Validation of individual candidates using the L1-GFP retrotransposition assay
To validate the genome-wide screen hits, we infected clonal Cas9/L1-GFP K562 cells with individual sgRNAs as previously described32, 3 independent mutant cell lines per gene, each with a different sgRNA (cloned into pMCB320 using BstXI/BlpI overhangs; mU6:sgRNA; EF1a:Puromycin-t2a-mCherry). See Table S3 for sgRNA sequences. The infected cells were selected against puromycin (1 μg/ml) for 3 days, recovered in fresh RPMI medium for 1 day, and dox-induced for 10 days. Then, the percentage of GFP(+) cells was measured on a BD Accuri C6 Flow Cytometer (GFP fluorescence detected in FL1 using 488 nm laser) after gating for live mCherry(+) cells.
CRISPR-mediated deletion of individual genes and intronic L1s
To delete genes in H9 ESCs, we cloned target sgRNAs in pSpCas9(BB)-2A-GFP (PX458) as described34. The sgRNA plasmids were prepared with the Nucleospin plasmid kit (Macherey Nagel) and transfected into H9 ESCs using Fugene following the manufacturer’s instructions. After 48-72 hrs, GFP-positive transfected cells were sorted and expanded. Gene depletion effects were validated by western blots.

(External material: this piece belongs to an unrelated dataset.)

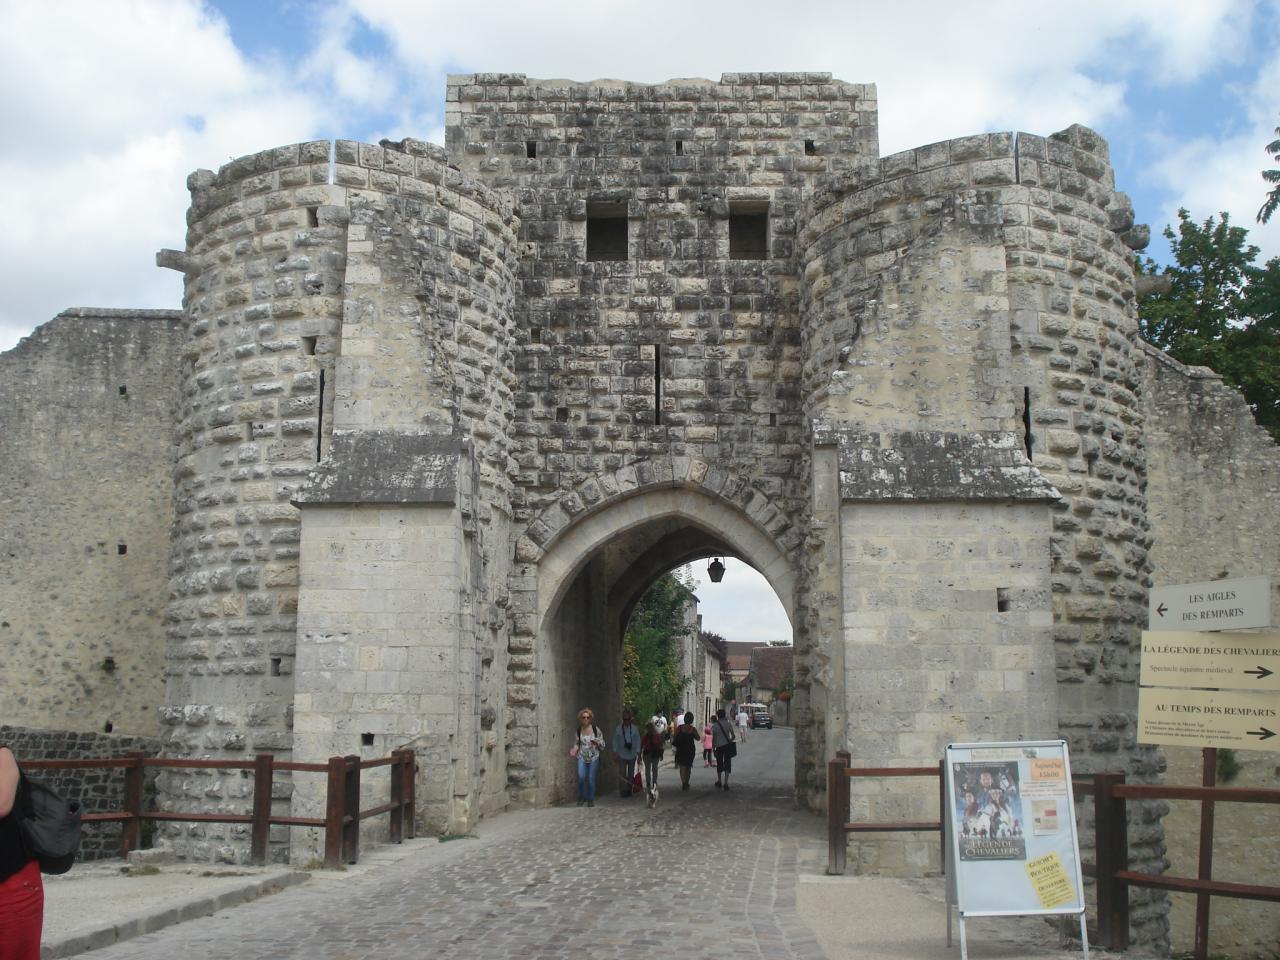 Porte Saint Jean

To delete the L1 from the host gene intron, we designed sgRNAs targeting both upstream and downstream side of the L1 within the intron; one was cloned into pSpCas9(BB)-2A-BFP, while the other into pSpCas9(BB)-2A-GFP. The two sgRNA plasmids were mixed at 1:1 ratio and nucleofected into K562 cells via electroporation following the manufacturer’s instructions. After 48-72 hours, BFP/GFP-positive transfected cells were single-cell sorted and expanded. The genetic deletion effects were validated by PCR assay.
Western blotting
Live cells were lysed for 30 min at 4°C in protein extraction buffer (300 mM NaCl, 100 mM Tris pH 8, 0.2 mM EDTA, 0.1% NP40, 10% glycerol) with protease inhibitors and centrifuged to collect the supernatant lysate. The cell lysate was measured with Bradford reagent (Biorad), separated on SDS-PAGE gels and transferred to nitrocellulose membranes. The L1-reporter containing K562 cells had not been dox-induced when used for western blot assays characterizing endogenous L1_ORF1p levels (Fig. 2d and Extended Data Fig. 4k).
PCR and gel electrophoresis
PCR experiments characterizing the L1-G418R retrotransposition and the deletion of intronic L1s were performed with Phusion High-Fidelity DNA Polymerase (M0530S, NEB), following the manufacturer’s instructions. In general, 30 cycles of PCR reactions were performed at an annealing temperature 5 ºC below the Tm of the primer. No ‘spliced’ PCR products can be detected without dox-induction, even with 40 PCR cycles. PCR reaction products were separated on 1% agarose gels with ethidium bromide. Primer sequences are in Table S4.
qRT-PCR and PspGI-assisted qPCR
Total RNA was isolated from live cells using the RNeasy kit (74104, Qiagen) and treated with RNase-Free DNase Set (79254, Qiagen) to remove genomic DNA, according to the manufacturer’s instructions. 500 ng total RNA was reverse transcribed with SuperScriptA III First-Strand Synthesis System (18080051, Life Technologies) following the manufacturer’s instructions. Beta-actin mRNA was used as internal control within each RNA sample (Fig. 1f and 4d,e). The sequences of PCR primers, including the one targeting the 5′UTR of L1Hs35,36,37, are summarized in Table S4.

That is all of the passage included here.